### [Exercise directions]
Leaving the pictures aside, repeat each line below exactly.

### [Data shown]
========
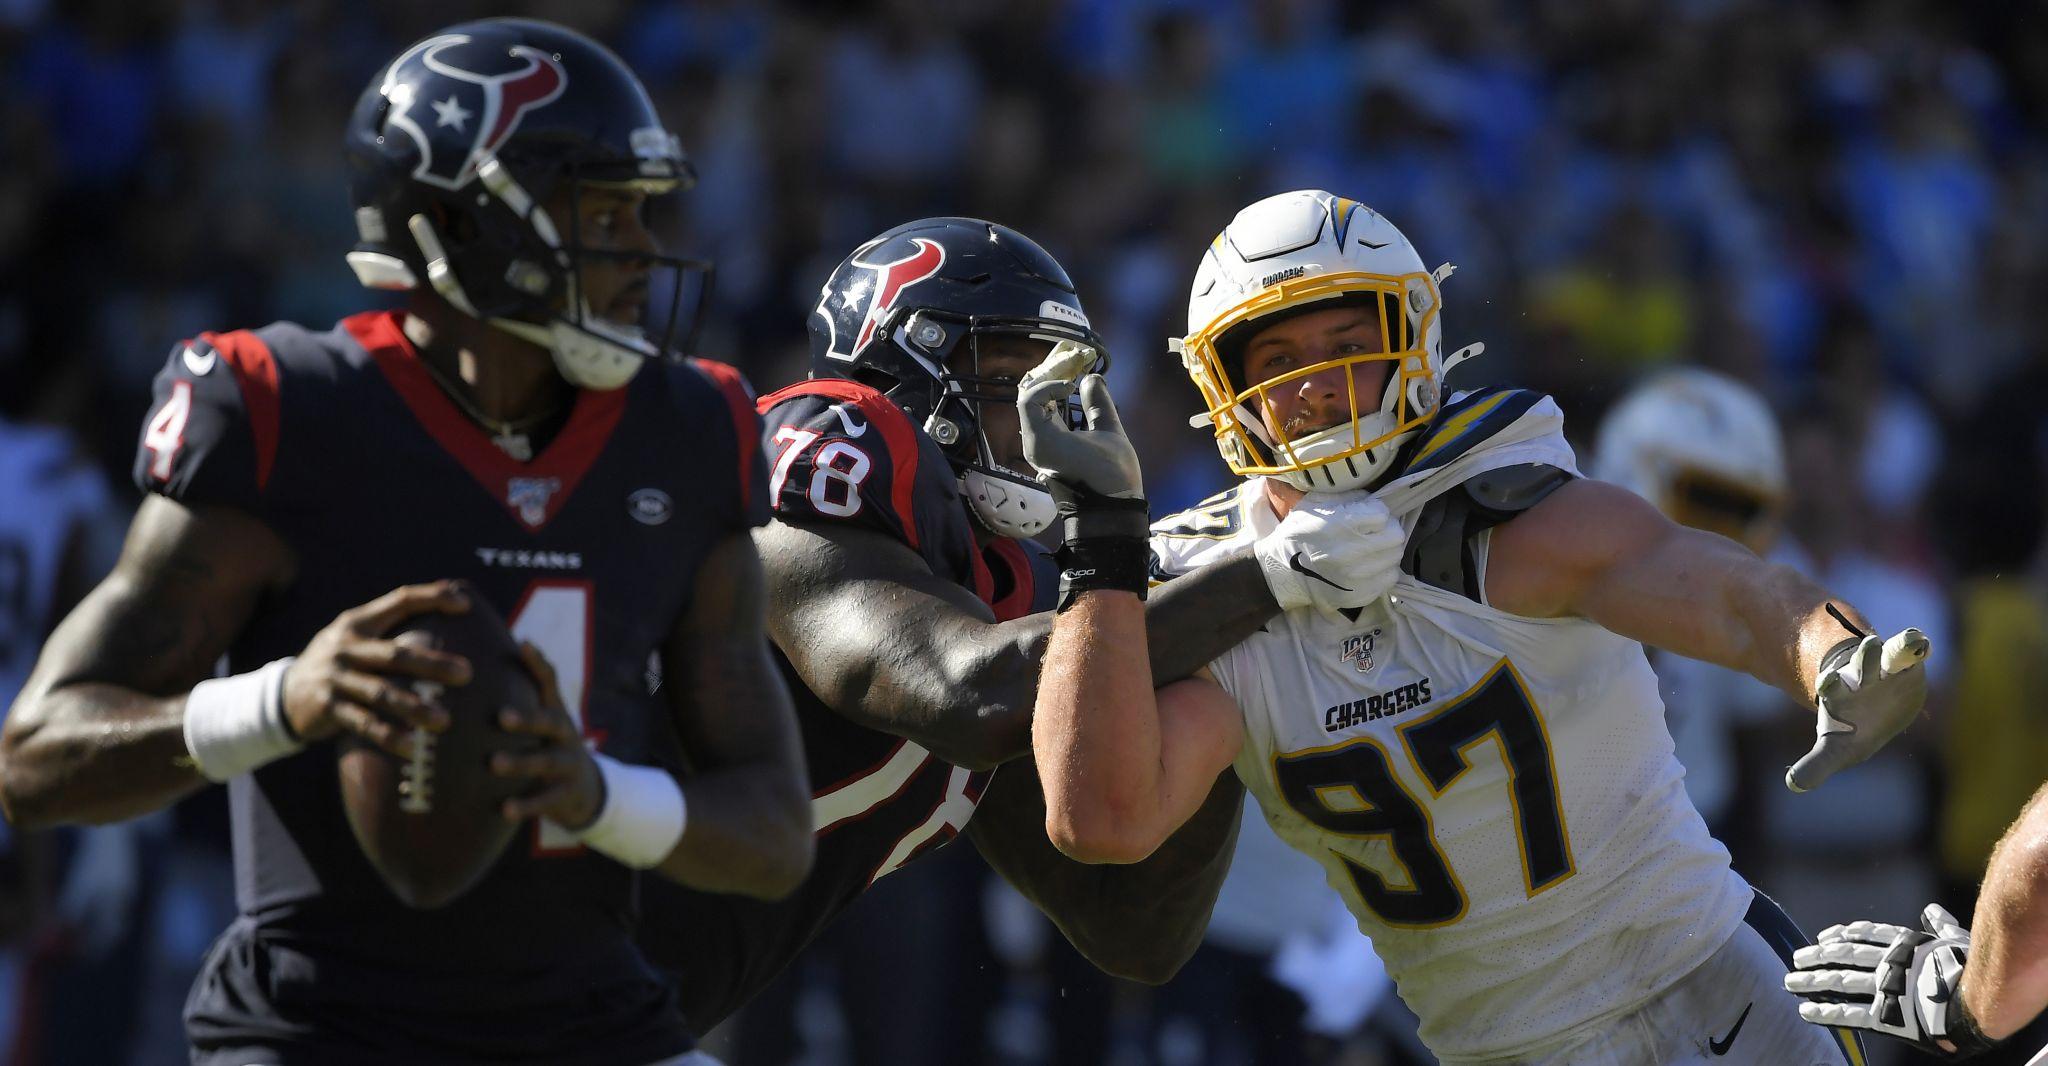 Texans' Laremy Tunsil on Deshaun Watson: 'Very respectful for a quarterback to take accountability'
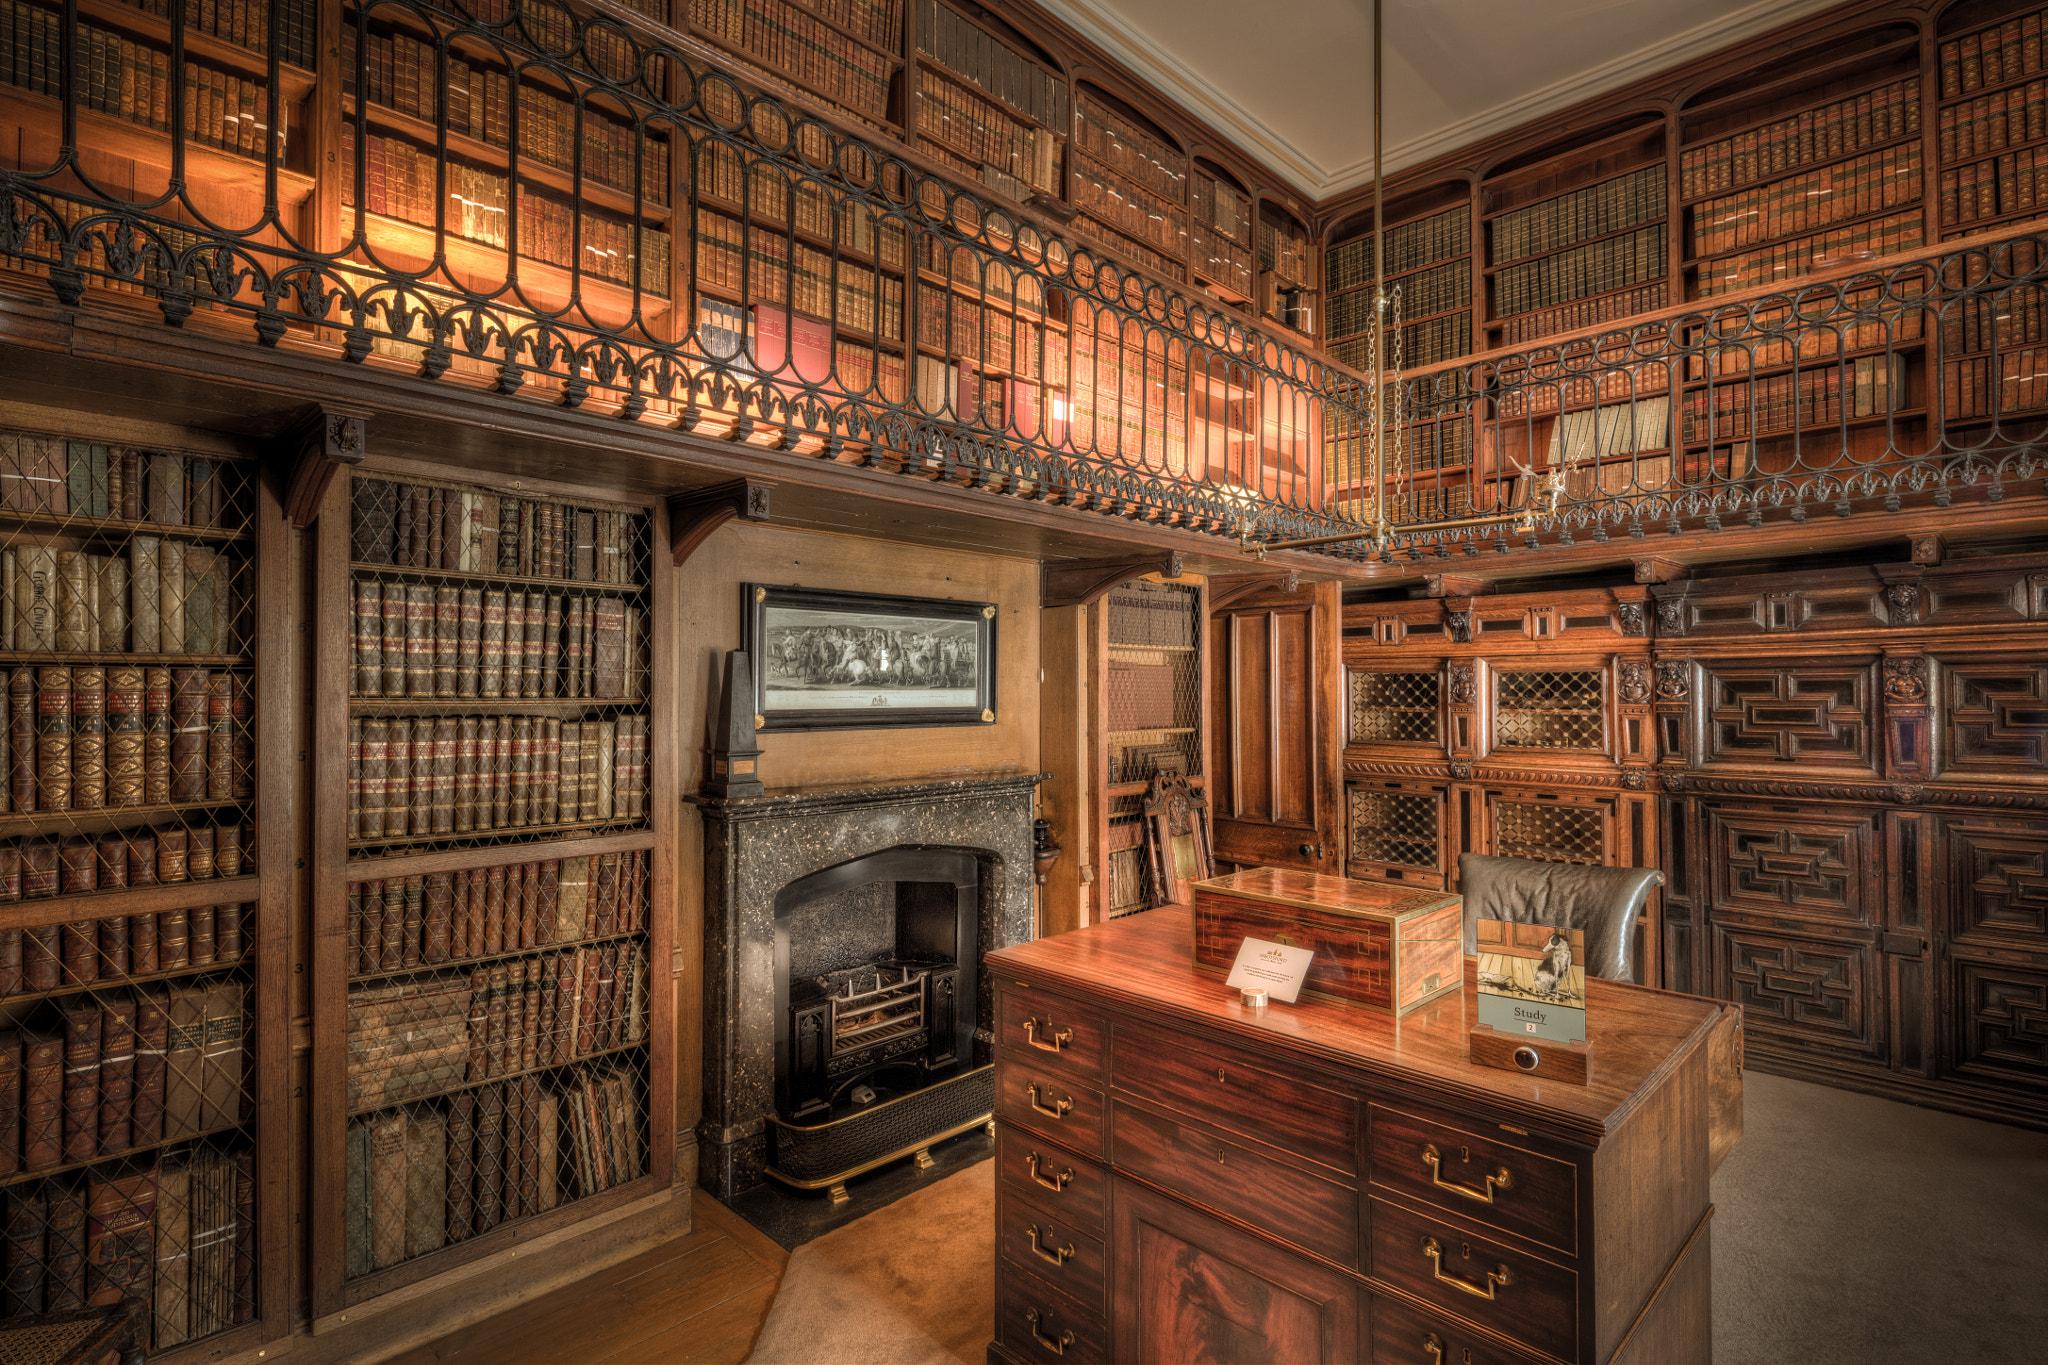 File Abbotsford House Study Room 248456373 Jpeg Wikimedia Commons
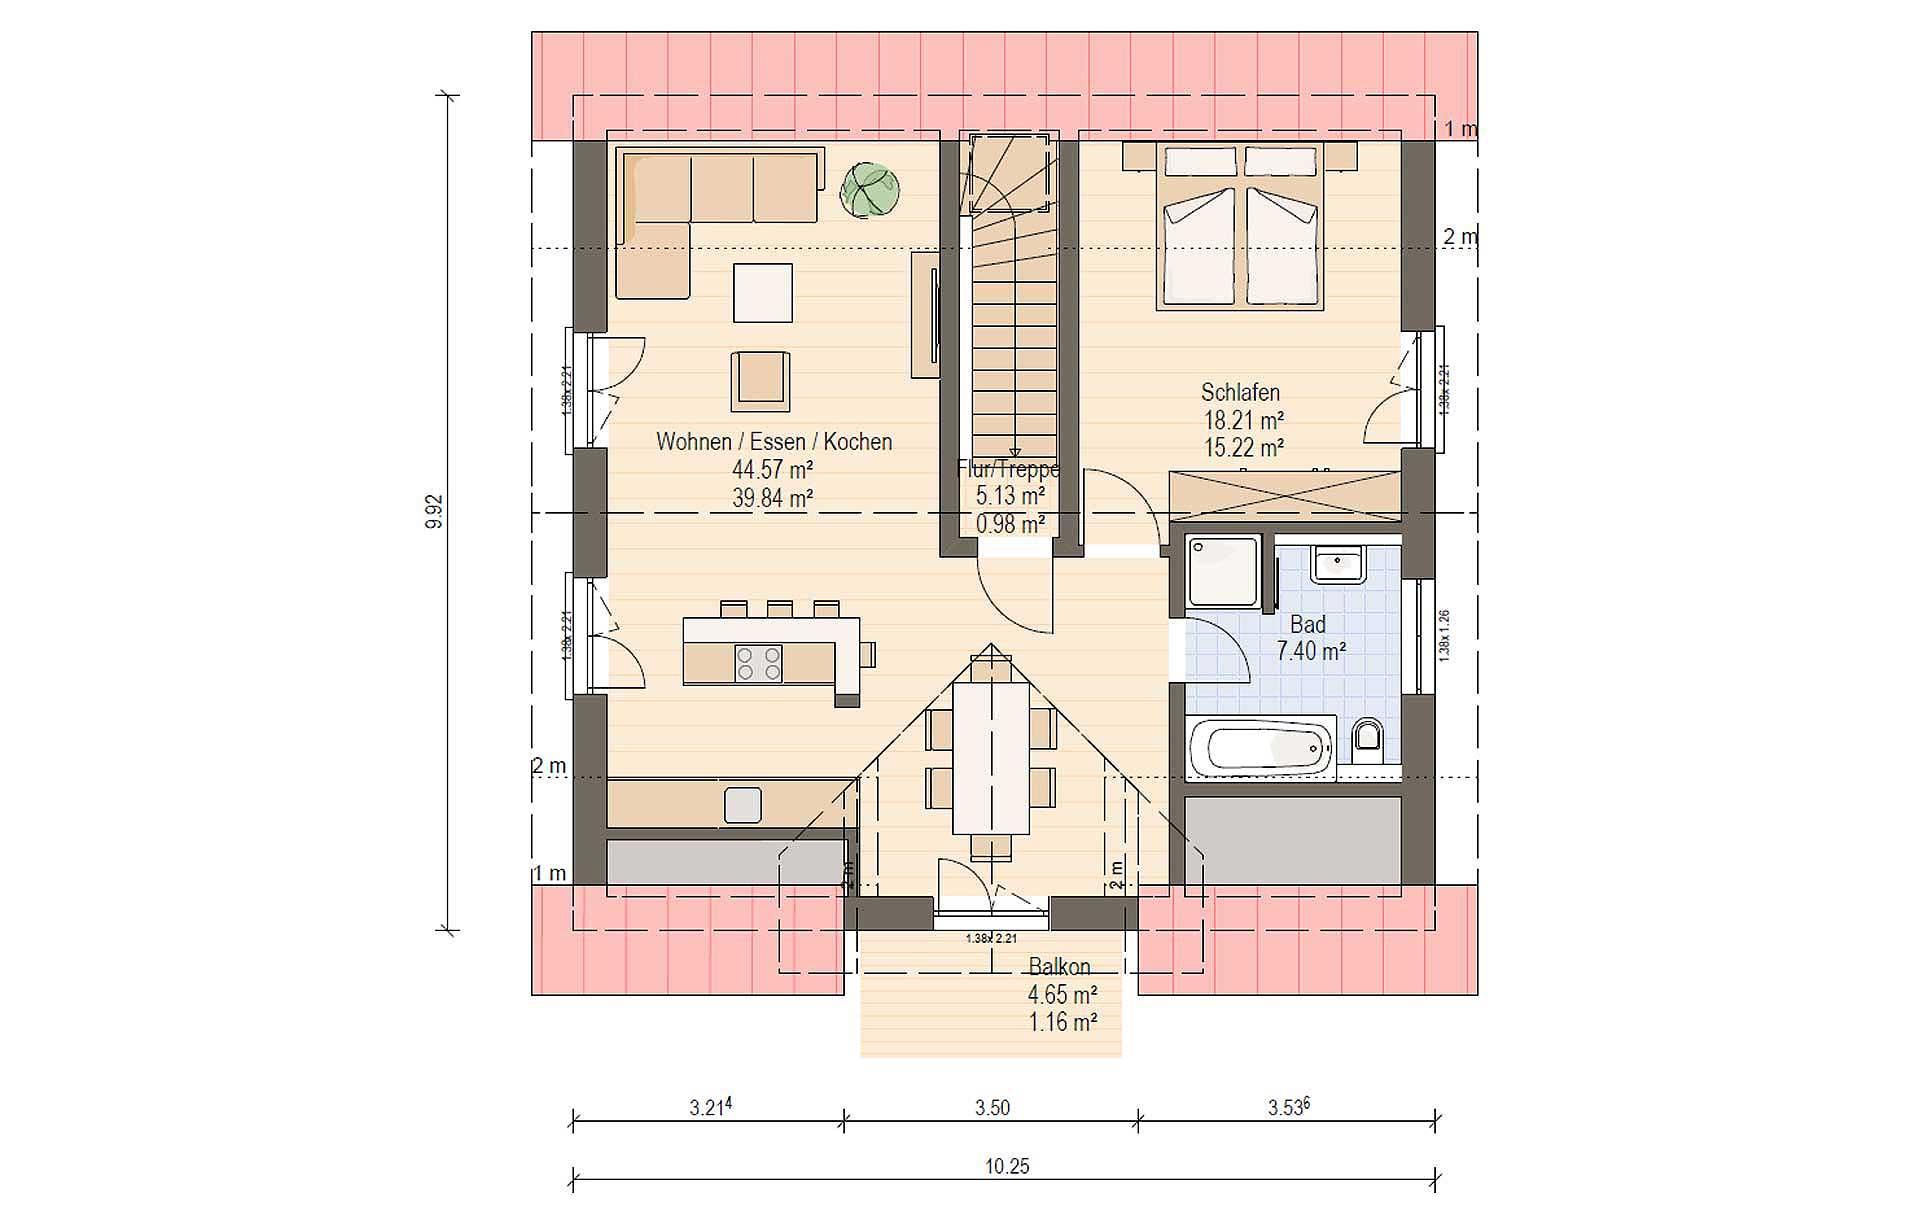 Dachgeschoss Haas Z 159 B von Haas Fertigbau GmbH
========
### [Result of the task]
 Texans' Laremy Tunsil on Deshaun Watson: 'Very respectful for a quarterback to take accountability'
 File Abbotsford House Study Room 248456373 Jpeg Wikimedia Commons
 Dachgeschoss Haas Z 159 B von Haas Fertigbau GmbH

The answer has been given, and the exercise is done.